HME

HIERARCHIAL MIXTURE OF EXPERTS

Space Situational Awareness (SSA) involves detecting, tracking, identifying and characterizing resident space objects (RSOs). Electro-optical measurements can be used to estimate important characteristics, such as the size, shape, configuration, rotational dynamics (attitude and angular velocity), and surface properties such as specular and diffuse albedo (reflectivity) of a resident space object (RSO). In addition, estimated features can be used to match or discriminate objects or classes of objects and to identify their behavior.

Under a Phase I SBIR contract sponsored by Air Force Research Laboratory (AFRL), Emergent Space Technologies, Inc. teamed with the University of Colorado Boulder and The University of Texas at Austin to investigate the use of the Hierarchical Mixture of Experts (HME) to process electro-optical measurements to determine an RSO’s attitude profile. The holistic approach involved the integration of Finite Set Statistics (FISST) algorithms and advanced numerical integration techniques and GPU parallelization with the HME for a robust method to improve the Air Force’s capability to detect, track, identify, characterize and catalog RSOs. The mathematical background of the HME and the assumptions, test scenarios, and results of processing simulated apparent magnitude and angles data including experiments to tune the HME learning rate parameter in Phase 1 is available found here:  http://www.amostech.com/TechnicalPapers/2014/Poster/GAYLOR.pdf.
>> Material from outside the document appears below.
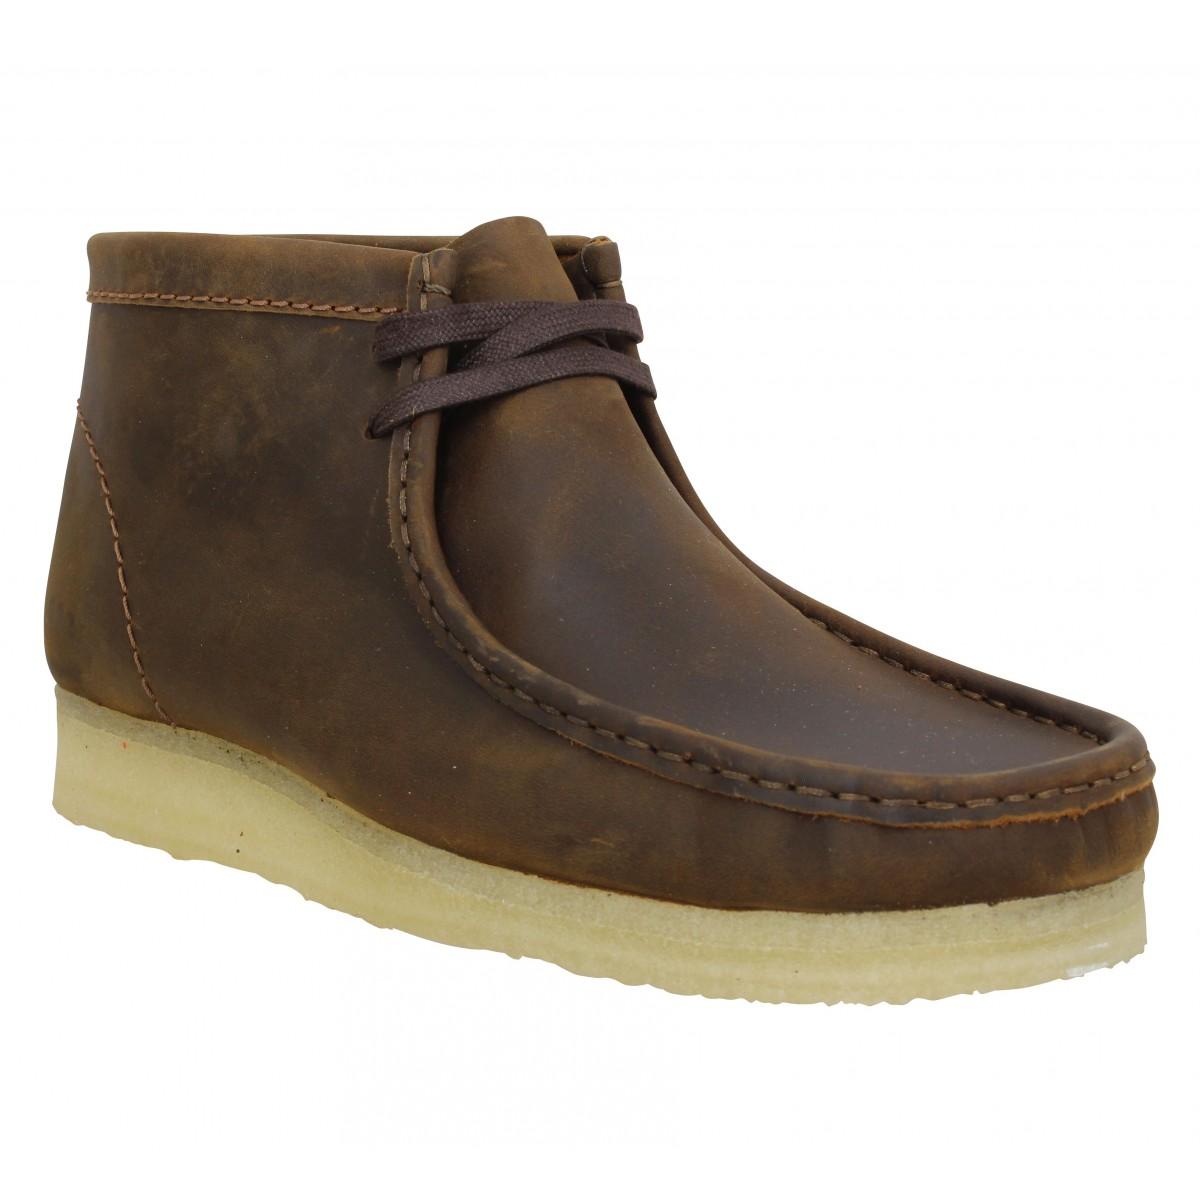 Bottines CLARKS ORIGINALS Wallabee Boot cuir Homme Beeswax

The results show that the HME is capable of identifying and distinguishing between nadir-pointing, sun-pointing, and spinning objects even though none of the experts in the HME is directly estimating attitude. The paper also shows how the learning parameter selection impacts HME performance.

 

Emergent’s HME Algorithm.A gating networks assign weights to experts with different state dynamics models. Weights are determined using measurement residuals and their corresponding covariance, with higher weights going to experts that better predict the values of incoming measurements. Experts can be grouped into banks based on what characteristic of the dynamics models they vary from the nominal.